End of Semester Blues

Full of anticipation for Spring Break, I enter what I fantasize will be the last leg of the grading relay only to notice myself idly surfing the web about an hour after confirming an act of plagiarism in the first student’s paper. We are both only human.

Having shifted directions psychologically, I am now running into the wind, instead of experiencing the tailwind I’d hoped for. Must soldier on. Why does it seem to take so much out of me every time this happens? Why do I persist in the notion that kids educated in Vegas get ethics lessons along with their Three Rs? This kid from the Bronx didn’t.

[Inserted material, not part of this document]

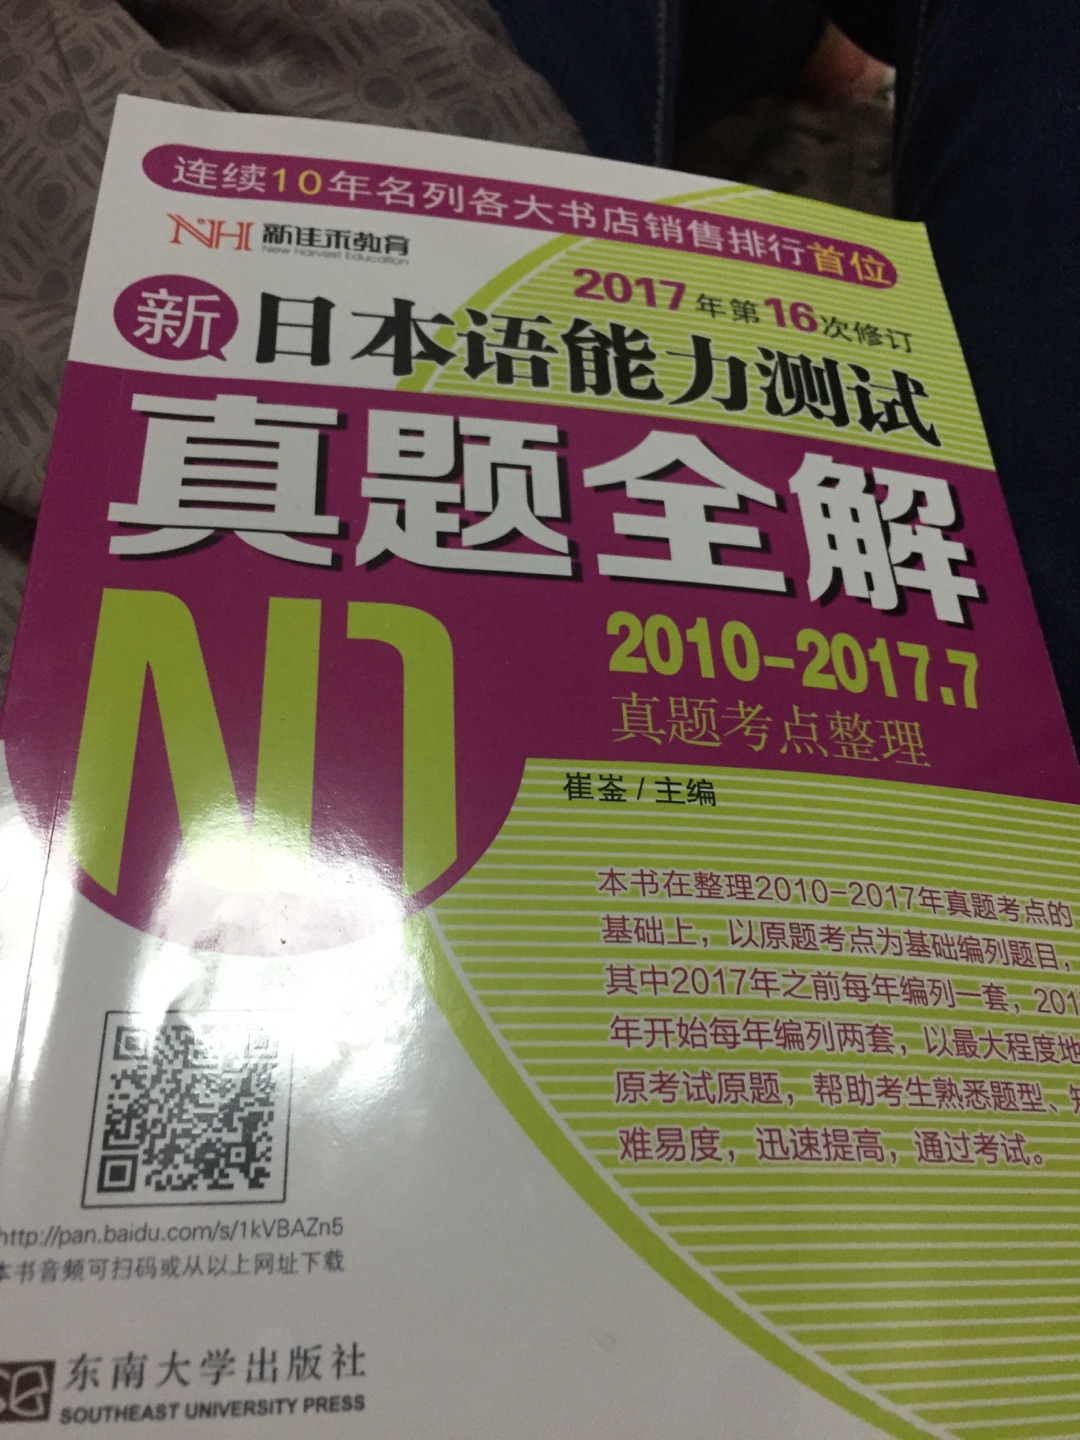 很实用的一本书，又找回了当年学习日语的感觉，会坚持下去

Why do I continue to believe that what is written in the syllabus, is not only read and understood, but translates the very same semester into actionable knowledge? What will it take for me to allow patience to have her perfect work and appreciate in theory and in practice the great wisdom popularized by Mark Twain but earliest attributed to the timeless Sufi teacher Mulla Idris Nasrudin:

Good judgment comes from experience. Experience comes from bad judgment.

While I recover, I jot notes for the first lecture in the Preparatory Composition class that begins after break, new swimming metaphor and all. I write this blog entry in lieu of feeding the hunger that is only 30% emotional, reactive. I call my husband who today is just around the corner, wondering if he’s up for lunch, beautiful day that it is, despite the internal and dispersing clouds.